Genoino anuncia saída do governo federal após condenação no STF
Genoino era assessor especial do ministro da Defesa, Celso Amorim. Na terça, ex-presidente foi condenado pelo crime de corrupção ativa.
O ex-presidente do PT, José Genoino, anunciou nesta quarta-feira a saída do governo federal após ser condenado na terça-feira (9) pelo Supremo Tribunal Federal (STF). "Retiro-me do governo com a consciência dos inocentes. Não me envergonho de nada. Continuarei a lutar com todas as minhas forças por um Brasil melhor, mais justo e soberano, como sempre fiz", disse, ao ler carta em pronunciamento. Genoino era assessor especial do ministro da Defesa, Celso Amorim.

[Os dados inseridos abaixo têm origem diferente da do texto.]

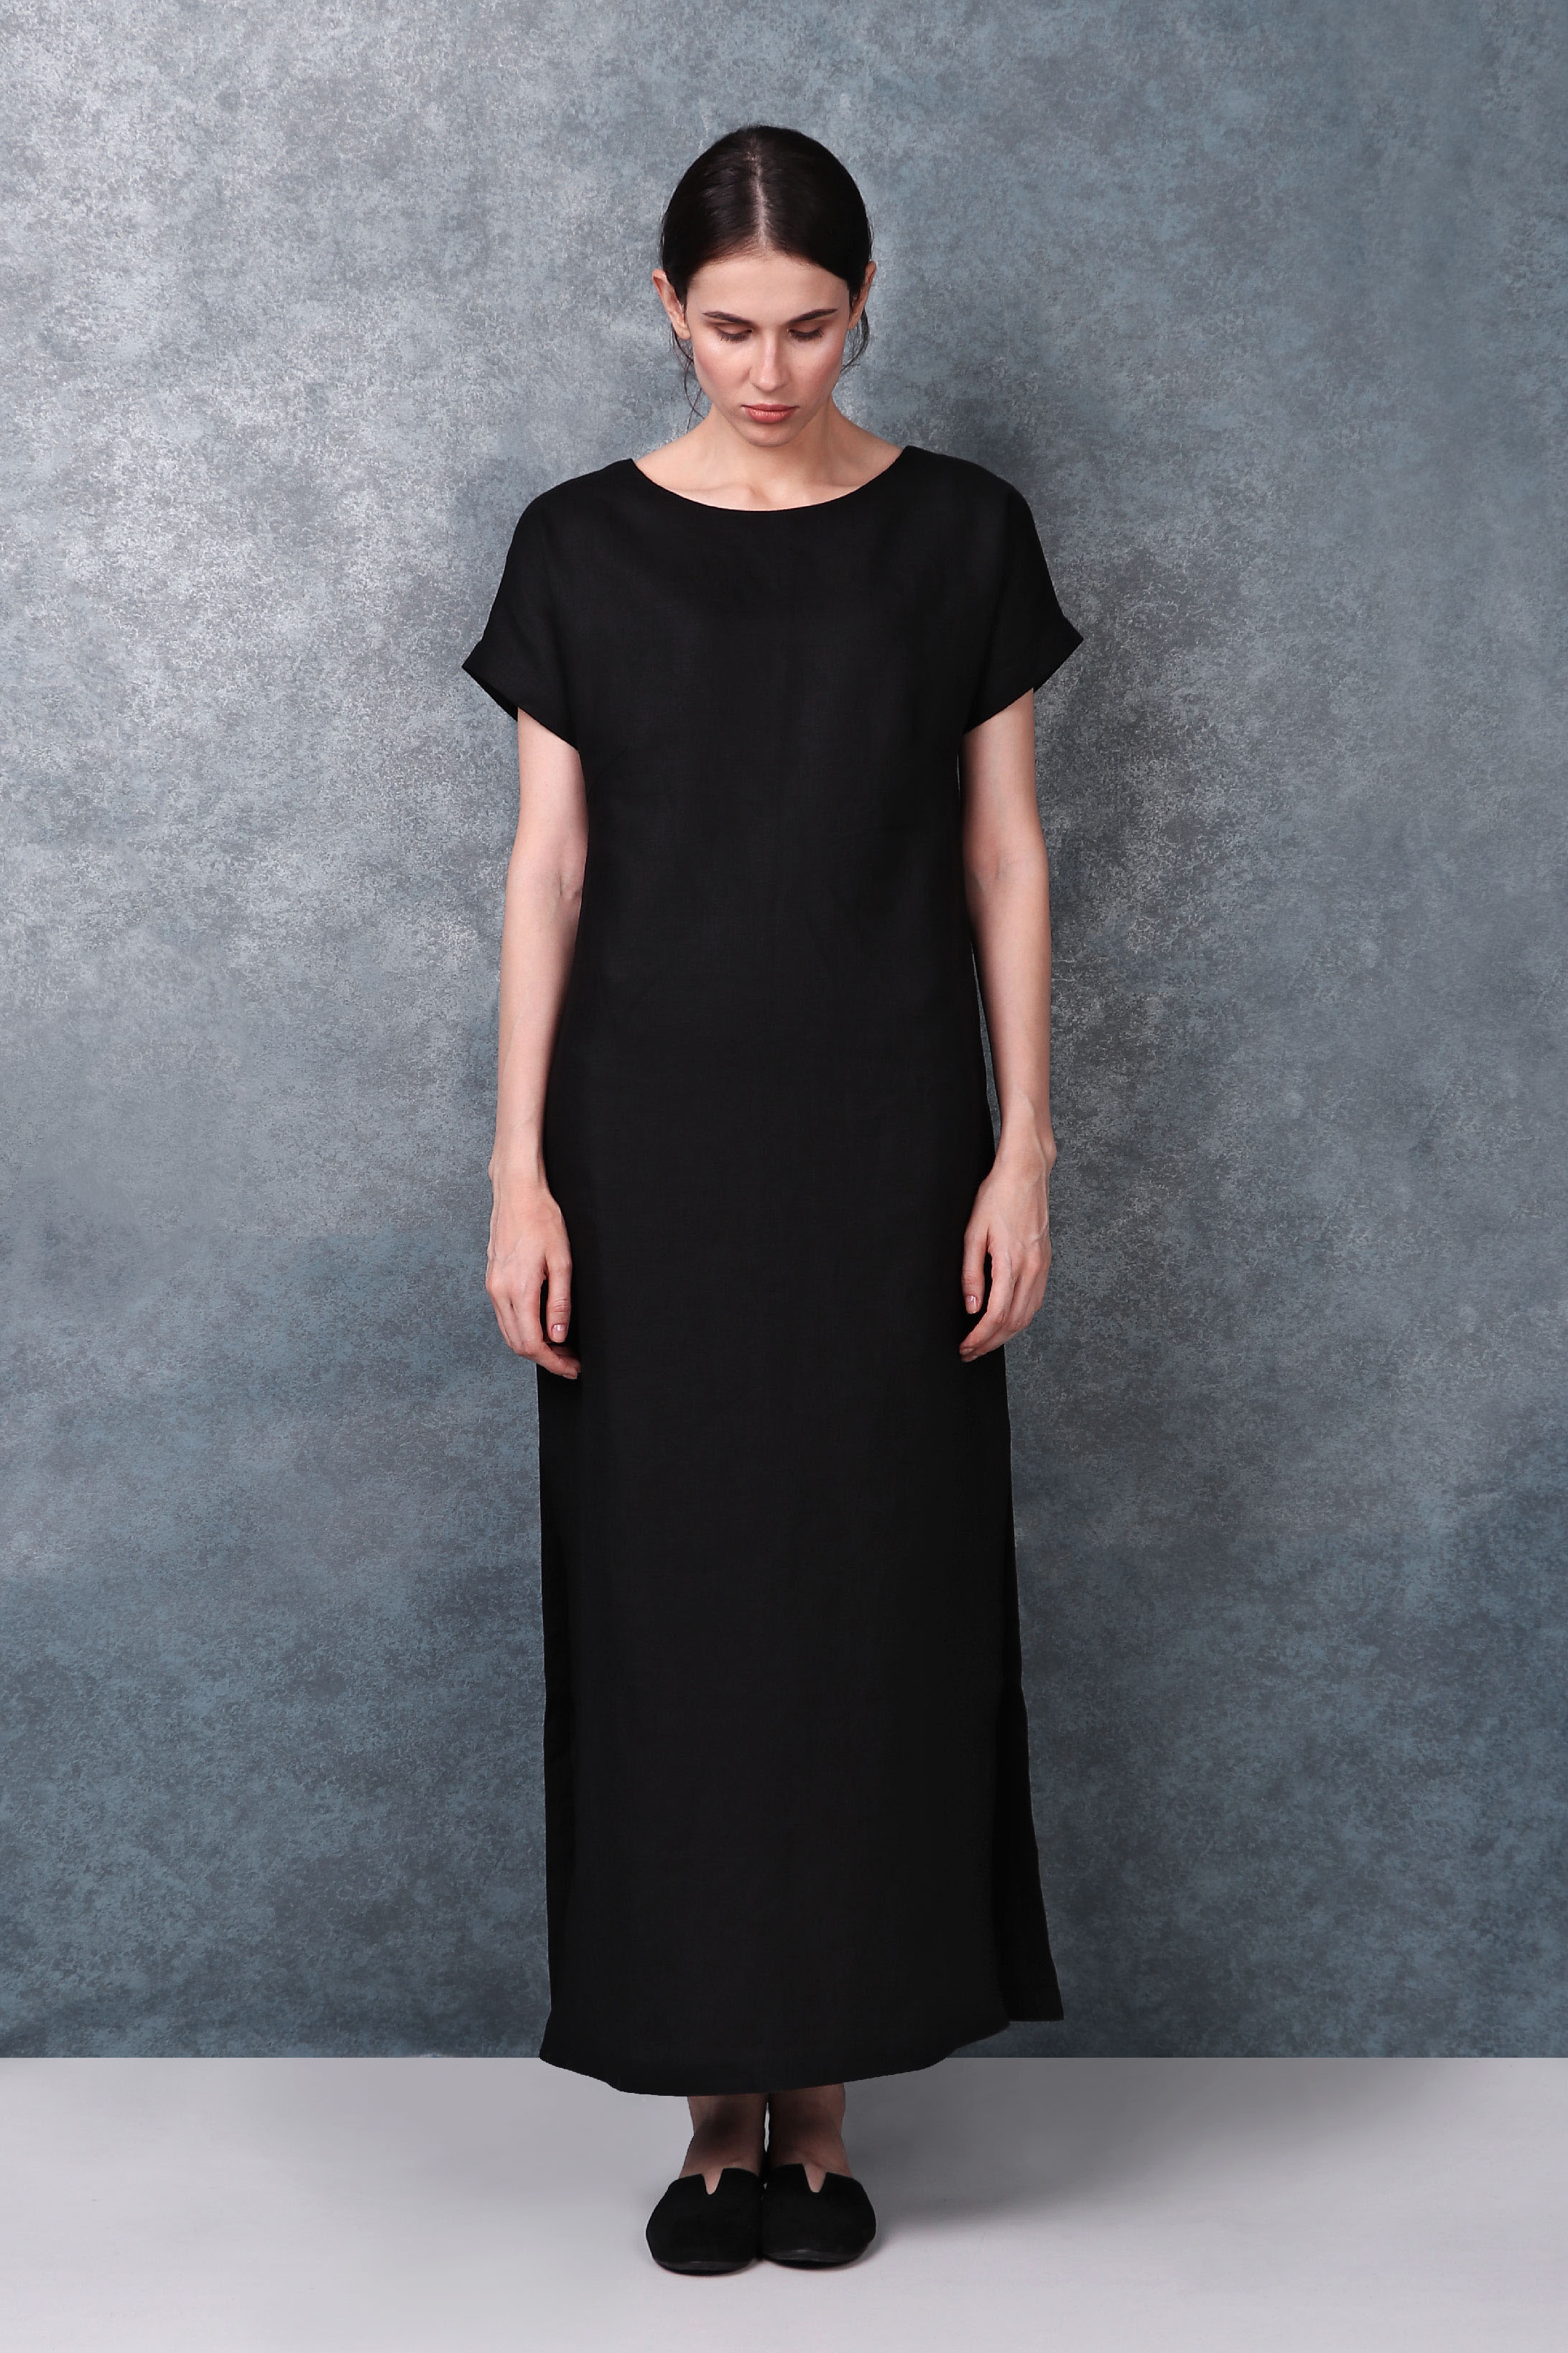 Boat Neck Black Linen Dress By Turn Black-From Andromeda's Wardrobe

A leitura da carta ocorreu no diretório nacional do Partido dos Trabalhadores (PT), onde representantes se reúnem desde manhã desta quarta-feira (10), em São Paulo, para discutir a conjuntura nacional e o posicionamento da legenda no segundo turno das eleições municipais no país.
“Estou indignado. Uma injustiça monumental foi cometida! A Corte errou. A Corte foi, sobretudo, injusta, condenou um inocente." Genoino não deu entrevista aos jornalistas. Além de ter feito a leitura para a imprensa, ele também leu o texto no plenário da reunião e foi aplaudido pelos correligionários.
Encontro do PT
A reunião, segundo a assessoria do PT, já estava convocada antes mesmo da condenação pelo Supremo Tribunal Federal (STF), na terça (9), do ex-ministro José Dirceu, do ex-presidente do partido José Genoíno e do ex-tesoureiro Delúbio Soares por corrupção ativa.
Por volta das 10h40, já haviam chegado à sede do partido, no Centro da capital paulista, José Genoíno, o senador Humberto Costa (PT-PE), e o presidente da legenda, Rui Falcão. Era aguardada a chegada do ex-ministro José Dirceu, que é membro do diretório nacional do PT.
Segundo a assessoria de imprensa do PT, não estava prevista nenhuma moção de desagravo aos petistas condenados pelo STF nesta terça-feira.
Condenação
Nesta terça-feira, o ex-ministro da Casa Civil José Dirceu foi condenado por corrupção ativa pelo STF, por seis votos a dois. Os ministros da maior Corte do país concluíram que ele comandou o esquema de votos de apoios políticos no Congresso com uso de dinheiro público. Ainda falta o voto de dois ministros. O ex-ministro também será julgado pelo crime de formação de quadrilha, onde é apontado como “chefe da quadrilha” pela acusação.
Também foram condenados o ex-presidente do PT José Genoino, apontado como o articulador do esquema, o ex-tesoureiro do partido Delúbio Soares, que seria o operador do mensalão, e o grupo do empresário Marcos Valério, que alimentava o mensalão através das agências de publicidade. O crime de corrupção ativa prevê pena de dois a 12 anos de prisão. As penas só serão definidas pelos ministros do STF após o fim do julgamento.
Ao todo, 25 dos 37 réus do processo do mensalão já sofreram condenações na análise de cinco itens: desvio de recursos públicos, gestão fraudulenta, lavagem de dinheiro, corrupção entre partidos da base e corrupção ativa.